To see exactly what is in these two problematic samples, we can turn to the
read report summary/MOL16S.reads.onebp.xlsx
in Excel, or the TSV version
at the command line (using grep to drop the rows ending with a zero count):
$ cut -f 1,2,3,7,10 summary/MOL16S.reads.onebp.tsv | grep -v "[[:space:]]0$"
# Marker MOL16S
# Group Control
# Sample Blank MOL16S
# Library-name BIM8M
# Raw FASTQ 2433
# Flash 1963
# Cutadapt 1014
# Threshold pool raw_data
# Threshold 10
# Control Sample
# Singletons 258
# Accepted 551
# Unique 4
#Marker MD5 onebp-predictions Total-abundance SRR5534986
MAX or TOTAL - - 4914872 478
MOL16S 20c0669e4c6f8436c9d42736df727c83 Sphaerium simile 152924 478
MOL16S e1d838b4f39bffe88d8c0e79b52700f1 Sphaerium simile 3215 13
MOL16S 778e3dace4b993135e11d450e6c559ff Sphaerium simile 249 11
MOL16S a36d3f7291c173c4243f22c2afbd111e Sphaerium simile 147 49
The unwanted sequences in the control sample are dominated by a single sequence (and three variants of it), which were matched to Sphaerium simile.

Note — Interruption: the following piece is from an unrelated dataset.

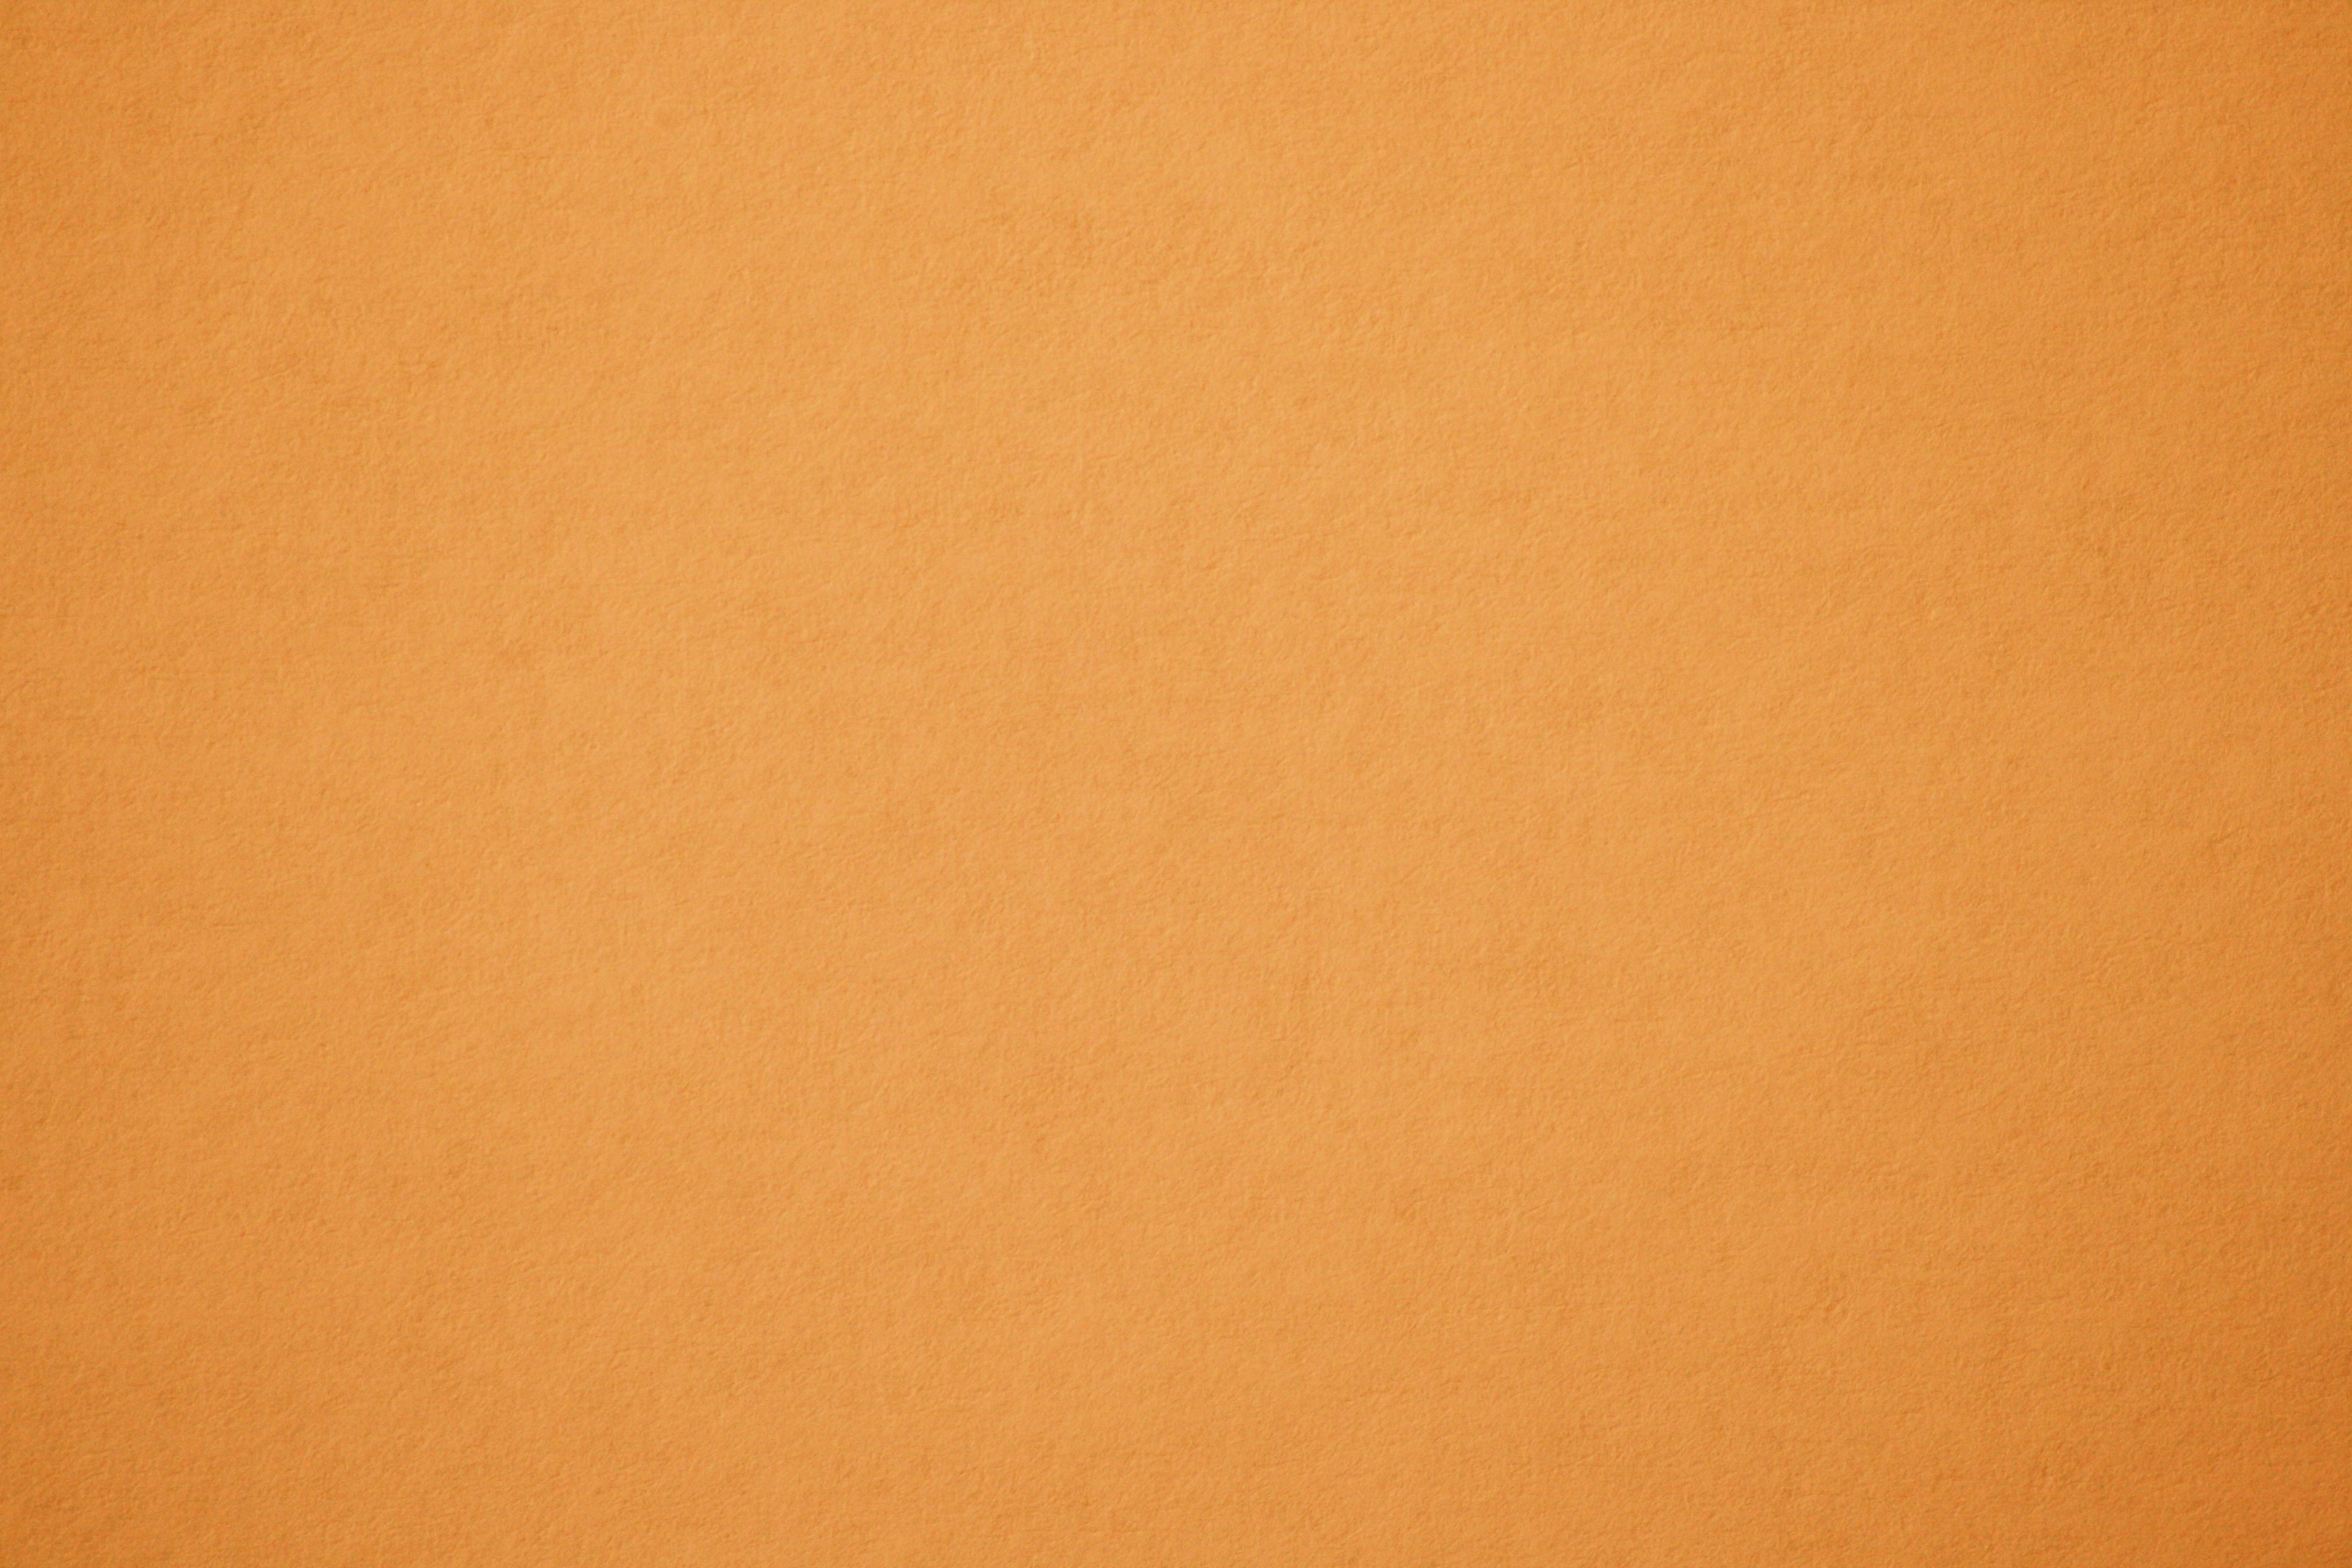 Light Orange Paper Texture Picture | Free Photograph | Photos Public Domain

This is consistent with the original author’s analysis - although our pipeline has produced higher read counts:
Finally, our water blank sample had 71 reads, eight of those being singletons with the remaining belonging to Sphaerium striatinum (Table 9), likely due to amplicon contamination in the lab.

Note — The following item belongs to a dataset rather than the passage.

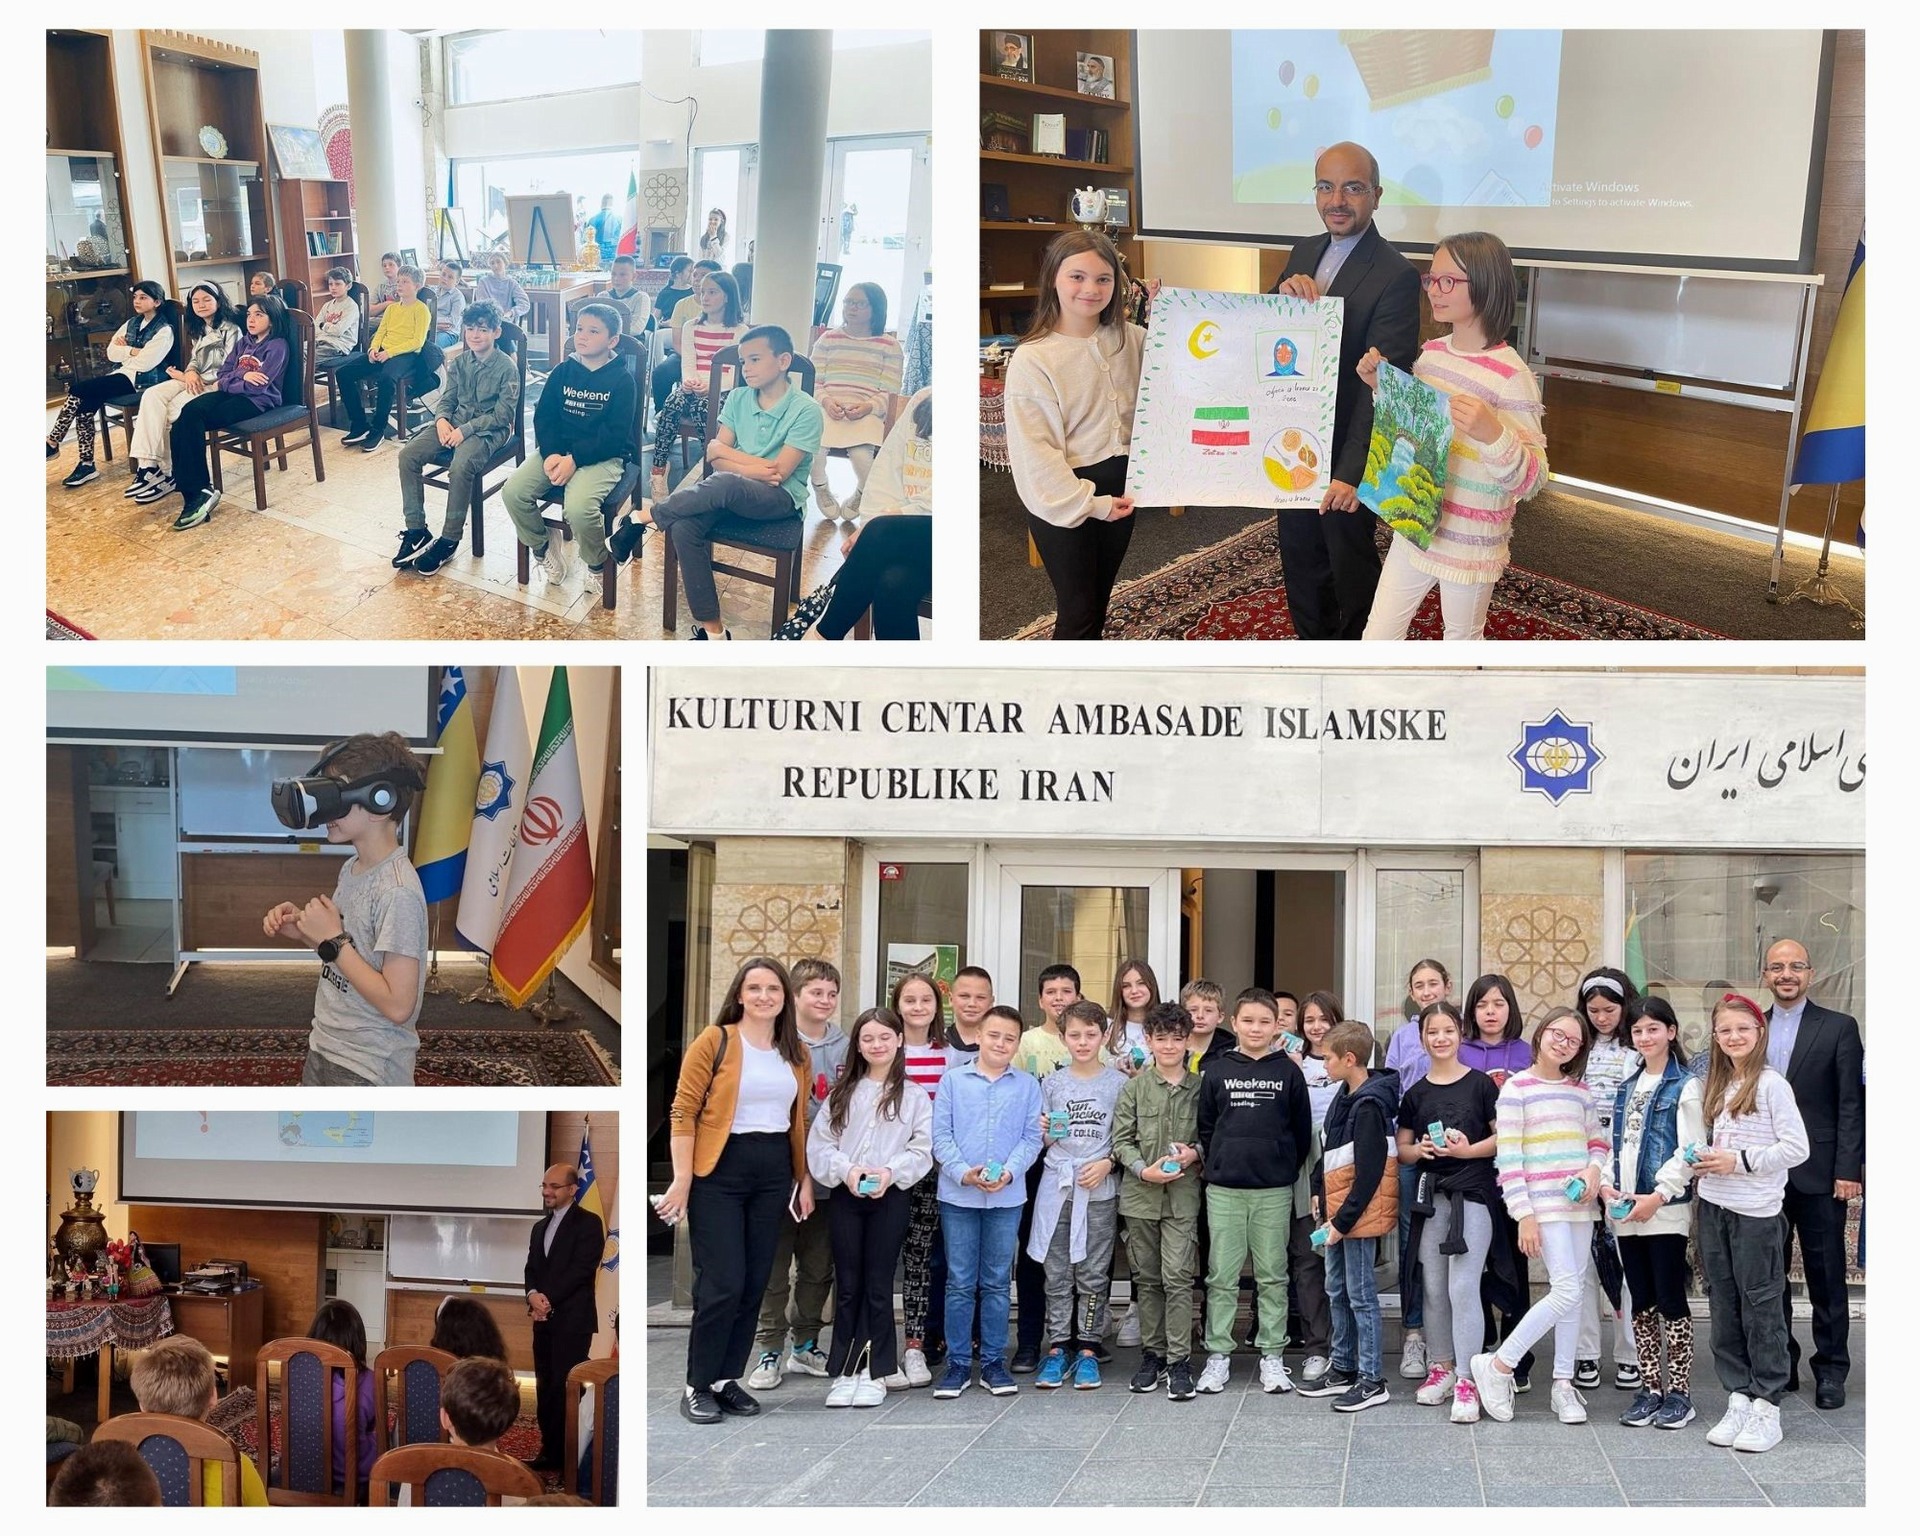 کارگاه آشنایی با جغرافیا، تاریخ و فرهنگ ایران برای دانش آموزان بوسنیایی

What about the other problematic sample? Again, you can find this in the Excel read report, or at the command line:
$ cut -f 1,2,7,25 summary/MOL16S.reads.onebp.tsv | grep -v "[[:space:]]0$"
# Marker SPH16S
# Group Mock Community
# Sample Mock Community 4 SPH16S
# Library-name SPSC3PRO4
# Raw FASTQ 410780
# Flash 375539
# Cutadapt 420
# Threshold pool raw_data
# Threshold 10
# Control Sample
# Singletons 272
# Accepted 108
# Unique 3
#Marker MD5 Total-abundance SRR5534980
MAX or TOTAL - 4914872 46
MOL16S ecdaa082b70f5e268f76128693531760 269109 45
MOL16S 98dc259e48de3e258cb93a34c38a9484 120026 17
MOL16S 20c0669e4c6f8436c9d42736df727c83 152924 46
The species names are too long to include in the above, listing them directly:
$ grep -E "(MD5|20c0669e4c6f8436c9d42736df727c83|ecdaa082b70f5e268f76128693531760|98dc259e48de3e258cb93a34c38a9484)" \
summary/MOL16S.reads.onebp.tsv | cut -f 2,3
<SEE TABLE BELOW>
Giving:
MD5 |
onebp-predictions |
---|---|
ecdaa082b70f5e268f76128693531760 |
Dreissena bugensis;Dreissena rostriformis |
98dc259e48de3e258cb93a34c38a9484 |
Dreissena polymorpha |
20c0669e4c6f8436c9d42736df727c83 |
Sphaerium simile |
The unwanted mock community sample content is split between Sphaerium and Dreissena, and suggest using a minimum threshold of perhaps 50 reads?
Minimum threshold
Clearly using a minimum abundance threshold of 10 is too low, and it should be increased to at perhaps 50 based on this. However, we have one exceptional sequence present at almost 500 copies. Setting the minimum that high seems excessive - but perhaps the THAPBI PICT default of 100 is more reasonable?